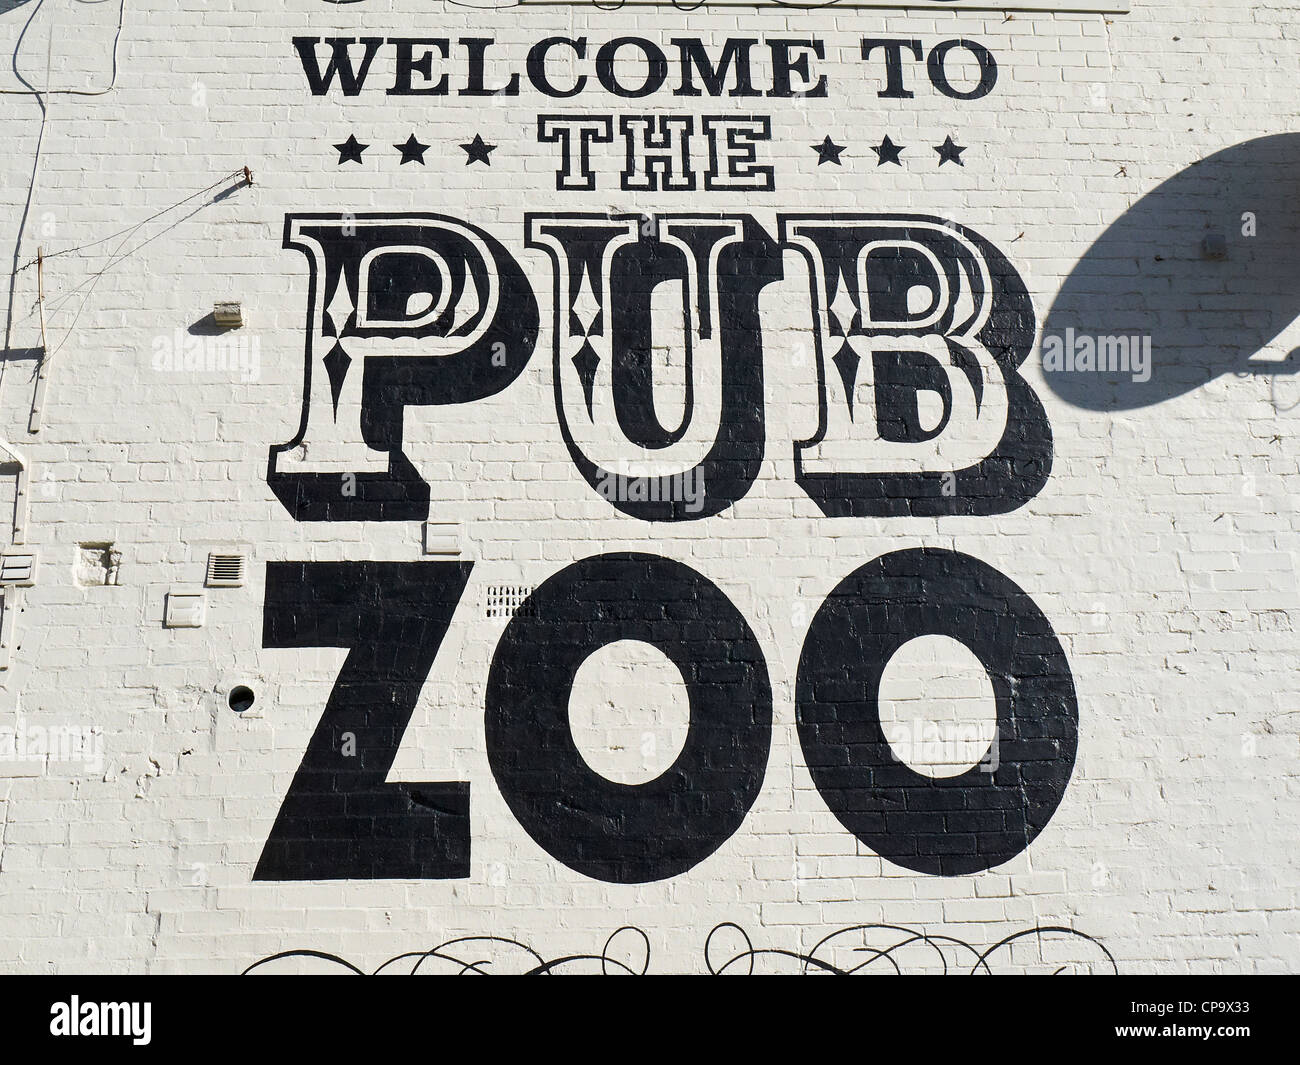 Welcome to the Pub Zoo writing on wall in Manchester UK Stock Photo
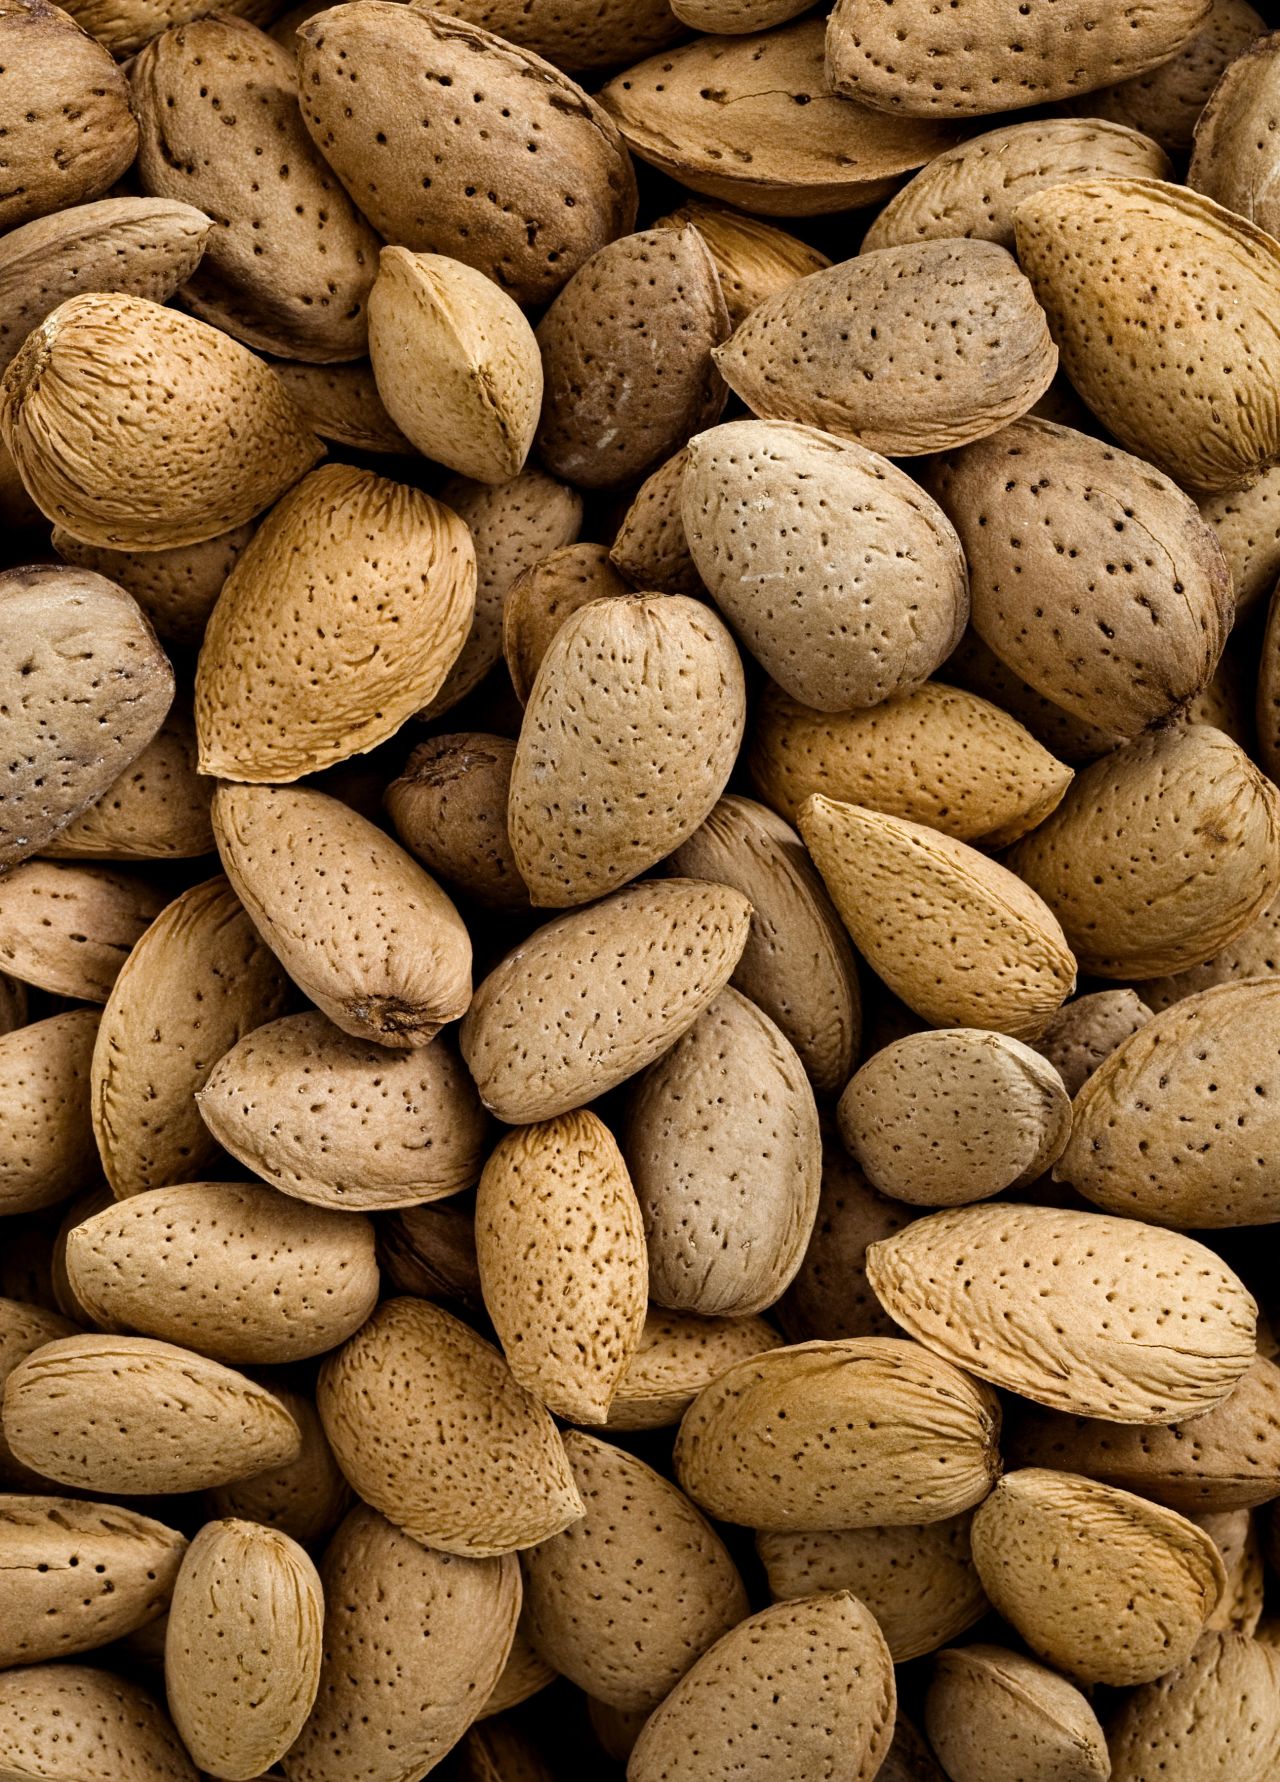 Tree nuts such as almonds, pictured, walnuts and pecans are a frequent source of allergic reactions. Even a trace amount can be dangerous to some individuals.
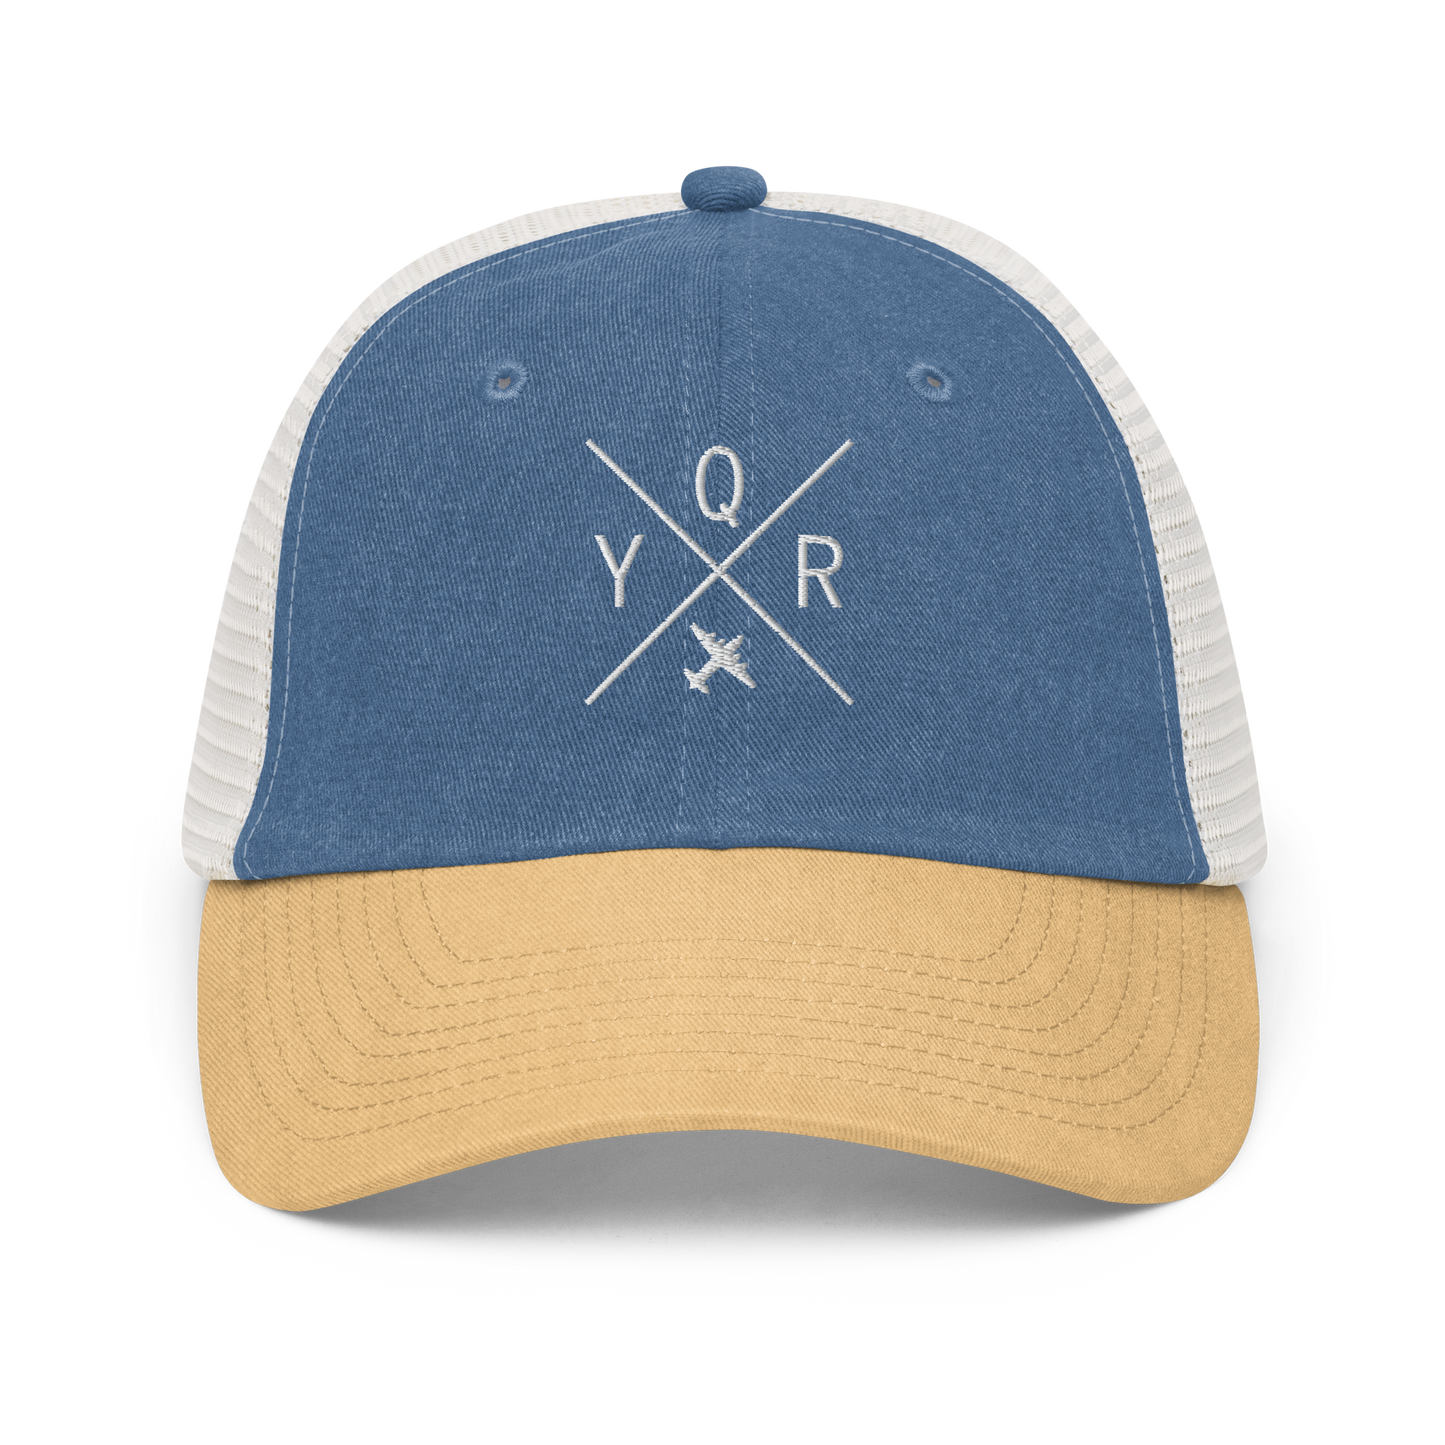 YHM Designs - YQR Regina Pigment-Dyed Trucker Cap - Crossed-X Design with Airport Code and Vintage Propliner - White Embroidery - Image 01

• [ABOUT THIS EXERCISE]:
The pictures in the listing above are to be dropped, and everything else reproduced exactly.

• [EXERCISE RESULT]:
 Welcome to the Pub Zoo writing on wall in Manchester UK Stock Photo
 Tree nuts such as almonds, pictured, walnuts and pecans are a frequent source of allergic reactions. Even a trace amount can be dangerous to some individuals.
 YHM Designs - YQR Regina Pigment-Dyed Trucker Cap - Crossed-X Design with Airport Code and Vintage Propliner - White Embroidery - Image 01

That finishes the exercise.